**SOURCE MATERIAL:**
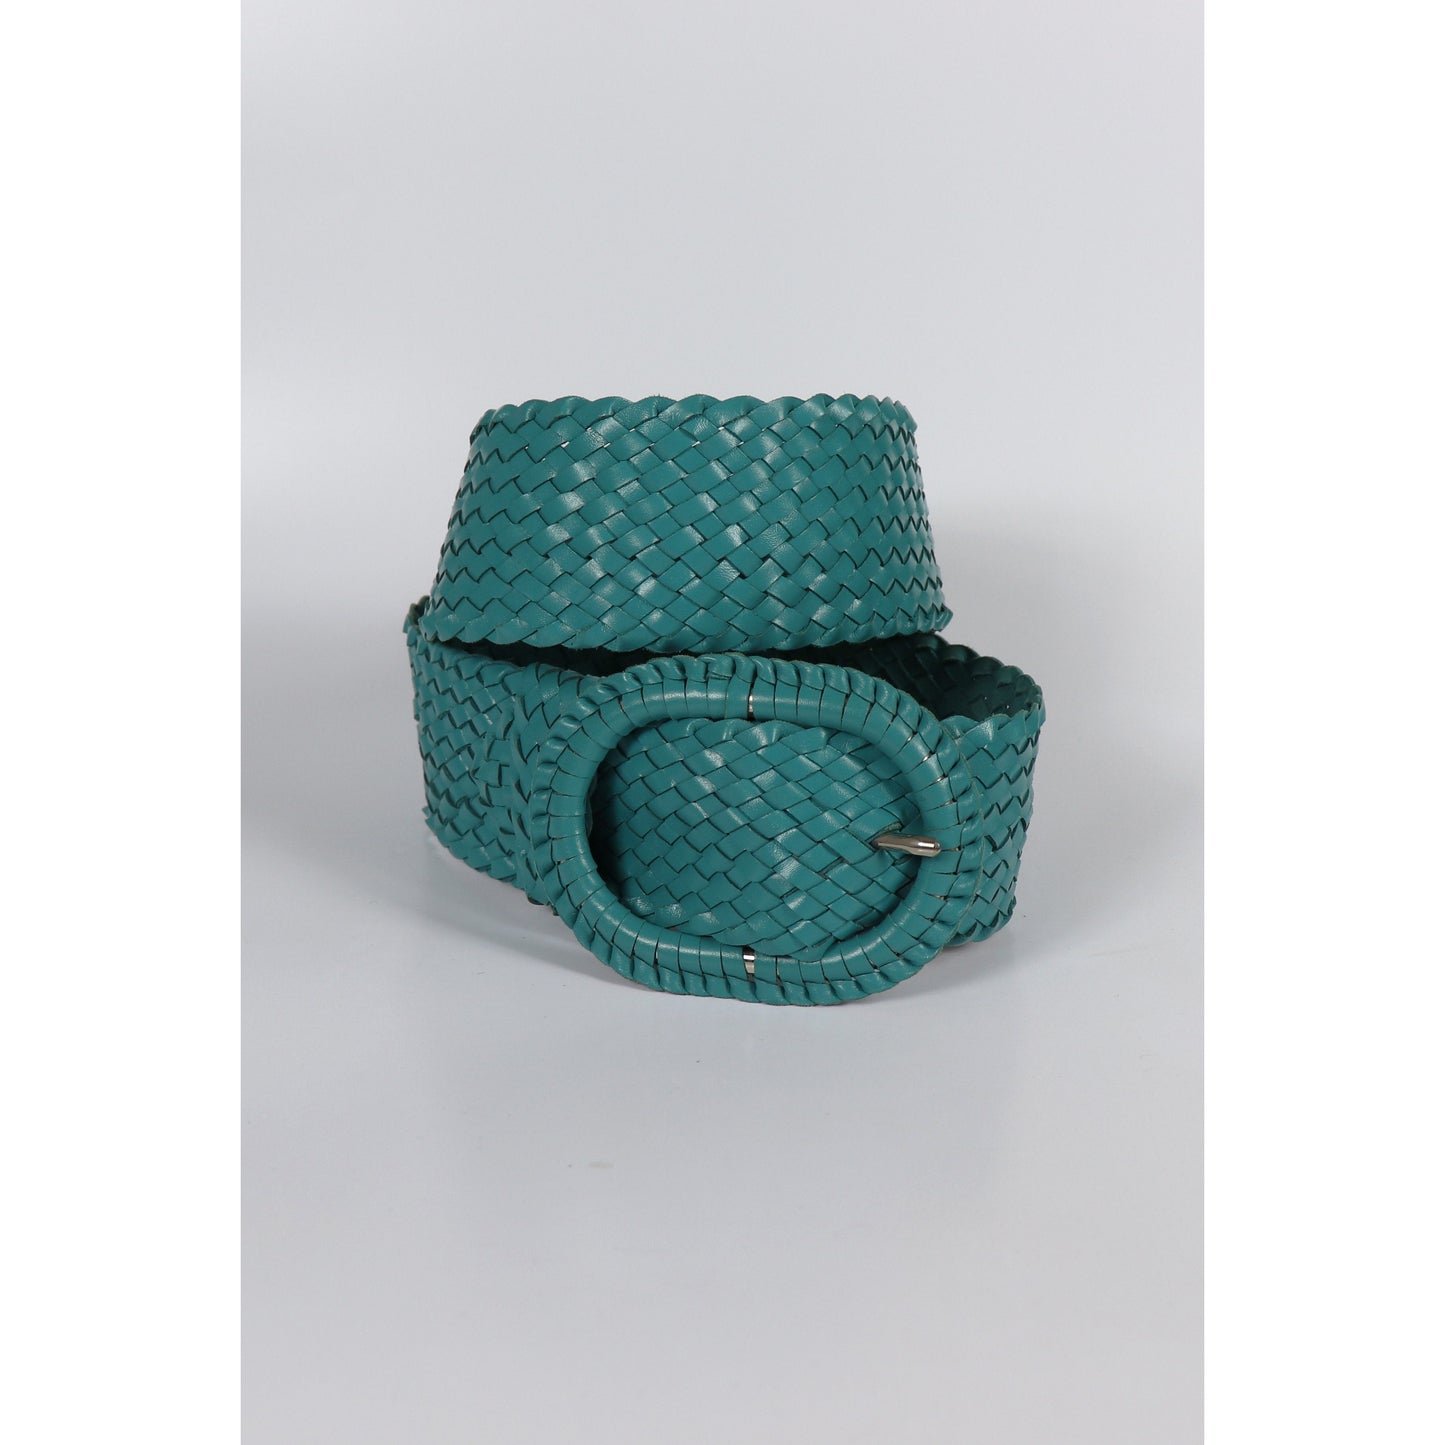 Turquoise woven belt on white.
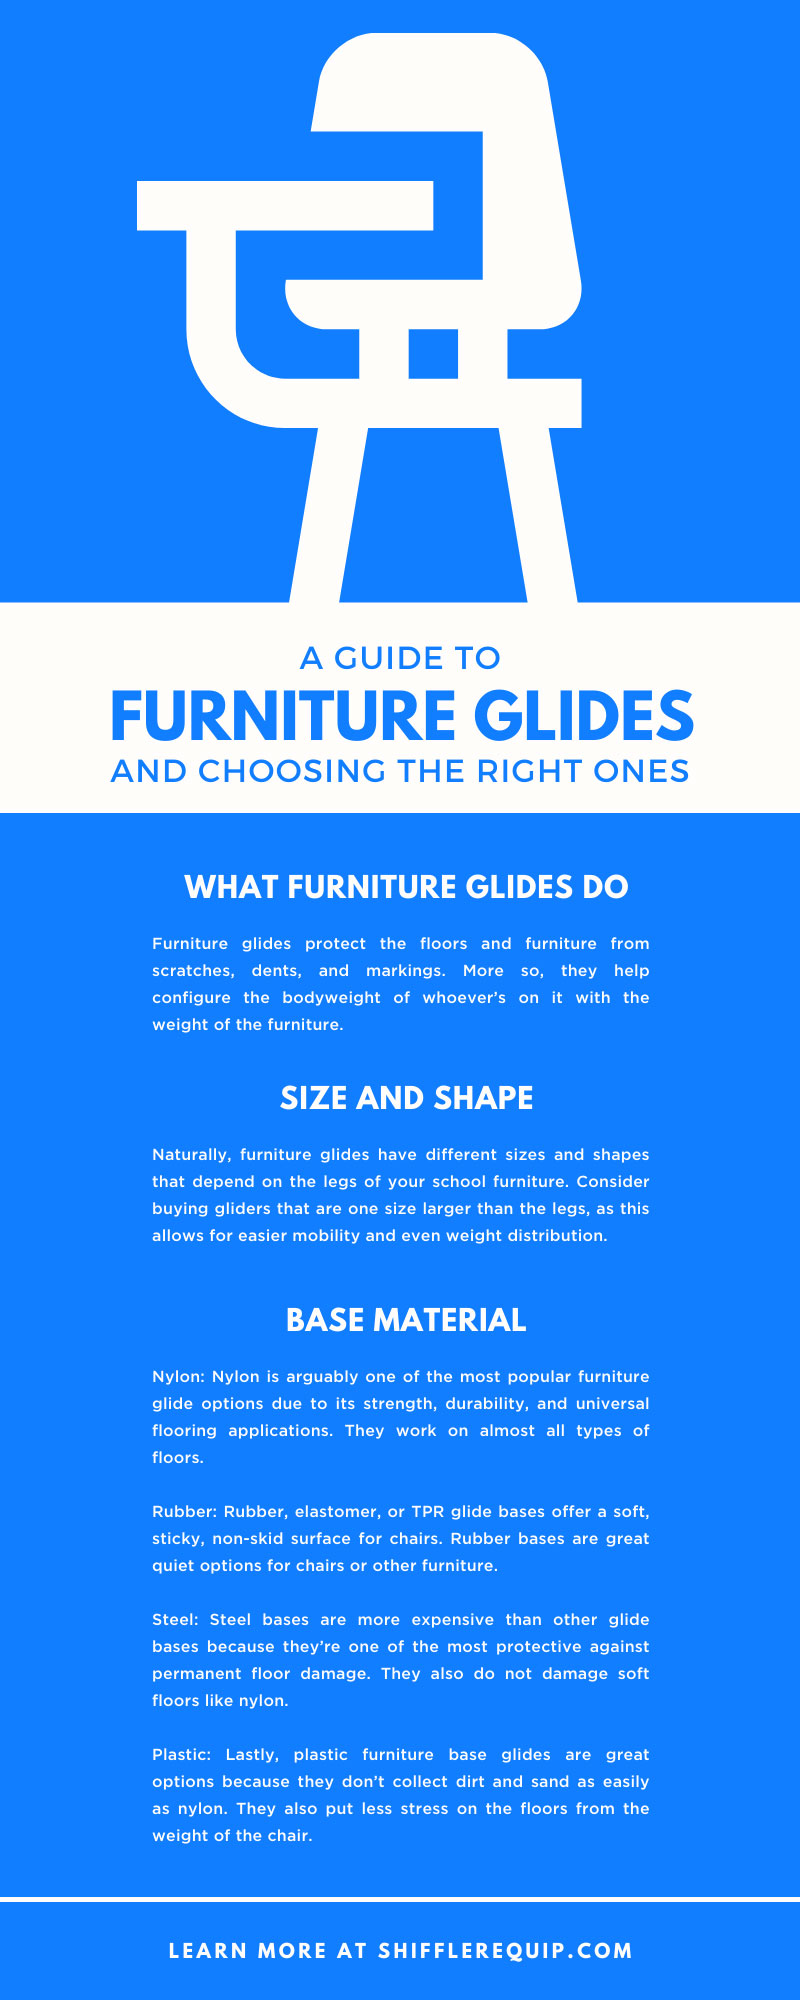 A Guide to Furniture Glides and Choosing the Right Ones
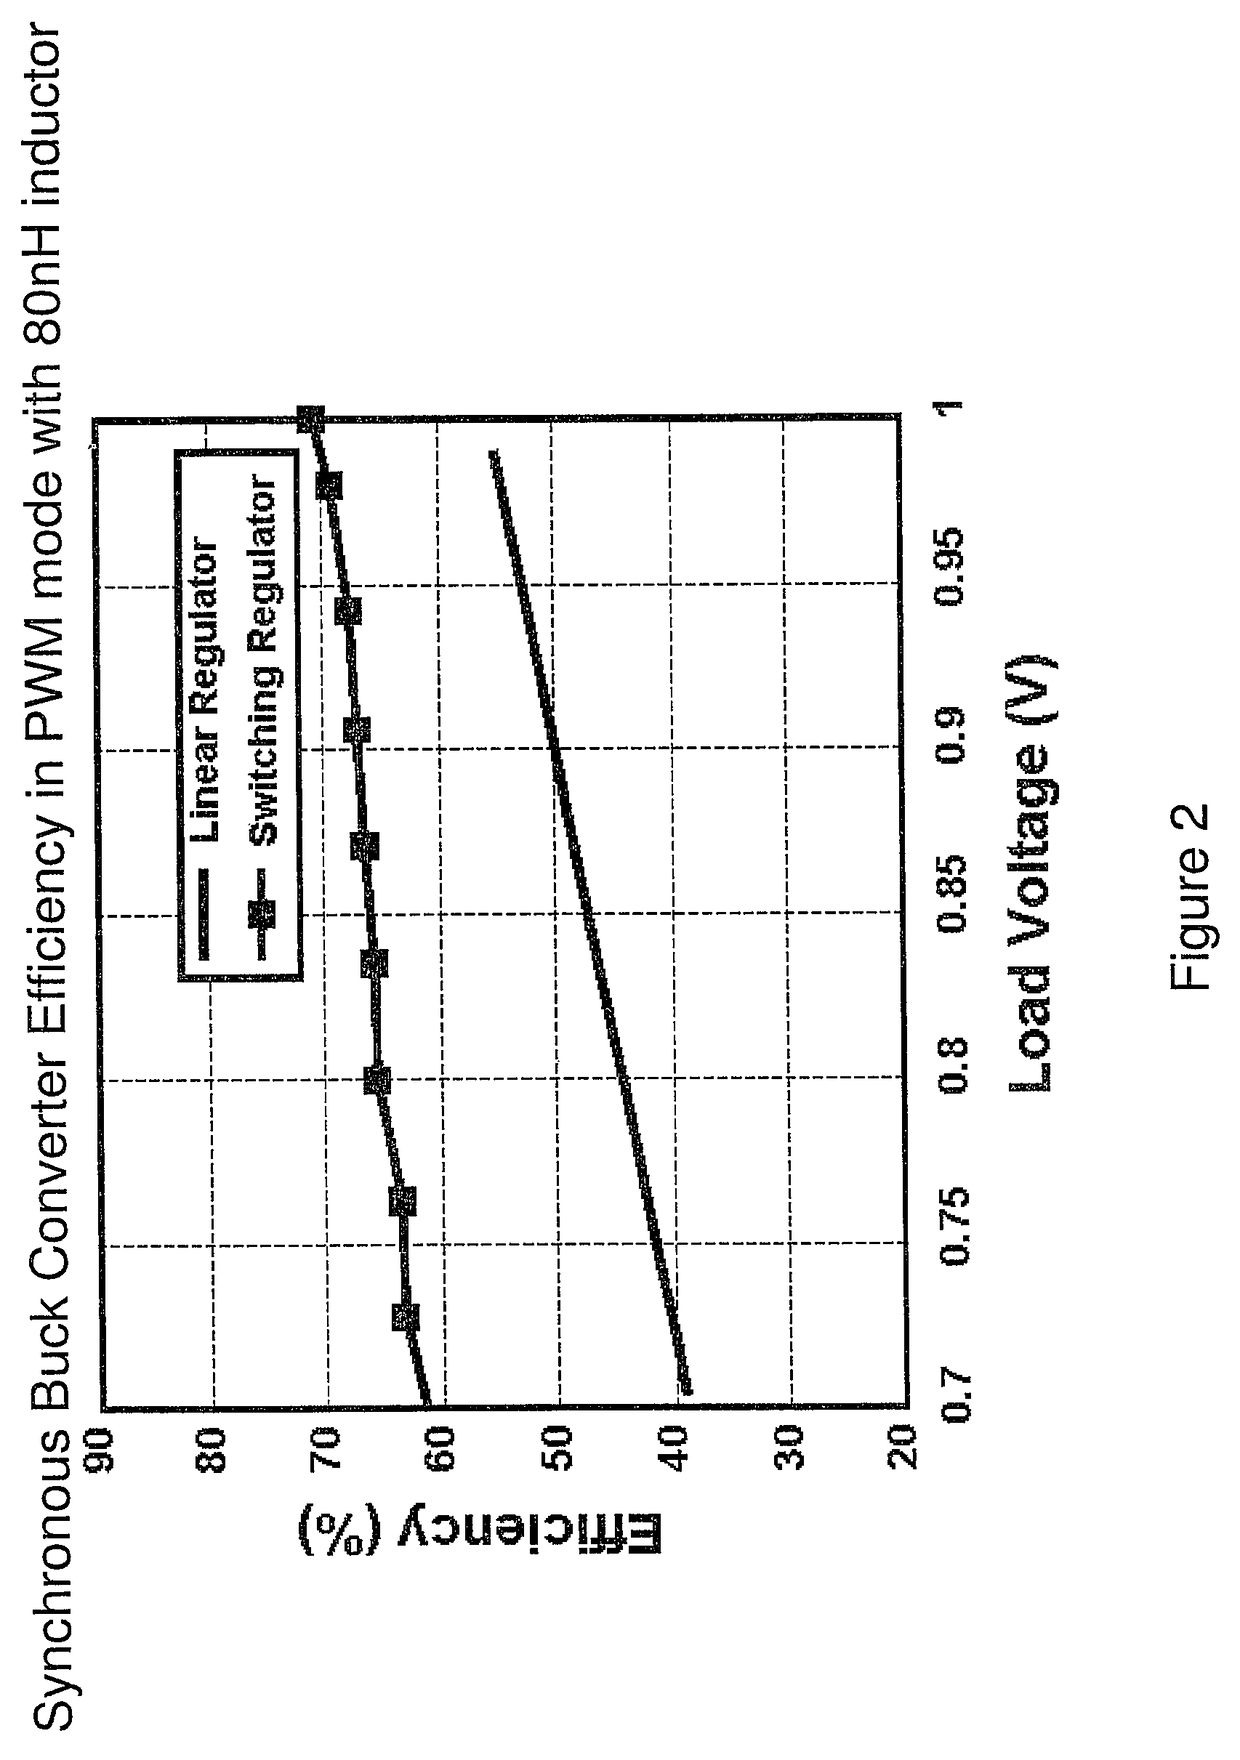 Circuit and method for a fully integrated switched-capacitor step-down power converter

**WHAT THE TASK REQUIRES:**
Copy exactly, and only, the lines running from the one containing "A Guide to Furniture" through the final line of the data, and omit the pictures.

**YOUR RESPONSE:**
 A Guide to Furniture Glides and Choosing the Right Ones
 Circuit and method for a fully integrated switched-capacitor step-down power converter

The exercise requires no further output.